What you should do> Each line of the data has to be retyped exactly as it is.

The data>
╔══

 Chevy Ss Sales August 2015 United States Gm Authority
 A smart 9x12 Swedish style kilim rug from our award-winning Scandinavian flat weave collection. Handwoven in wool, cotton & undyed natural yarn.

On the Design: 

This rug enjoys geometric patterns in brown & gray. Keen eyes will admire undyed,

╚══

Task output>
 Chevy Ss Sales August 2015 United States Gm Authority
 A smart 9x12 Swedish style kilim rug from our award-winning Scandinavian flat weave collection. Handwoven in wool, cotton & undyed natural yarn.

On the Design: 

This rug enjoys geometric patterns in brown & gray. Keen eyes will admire undyed,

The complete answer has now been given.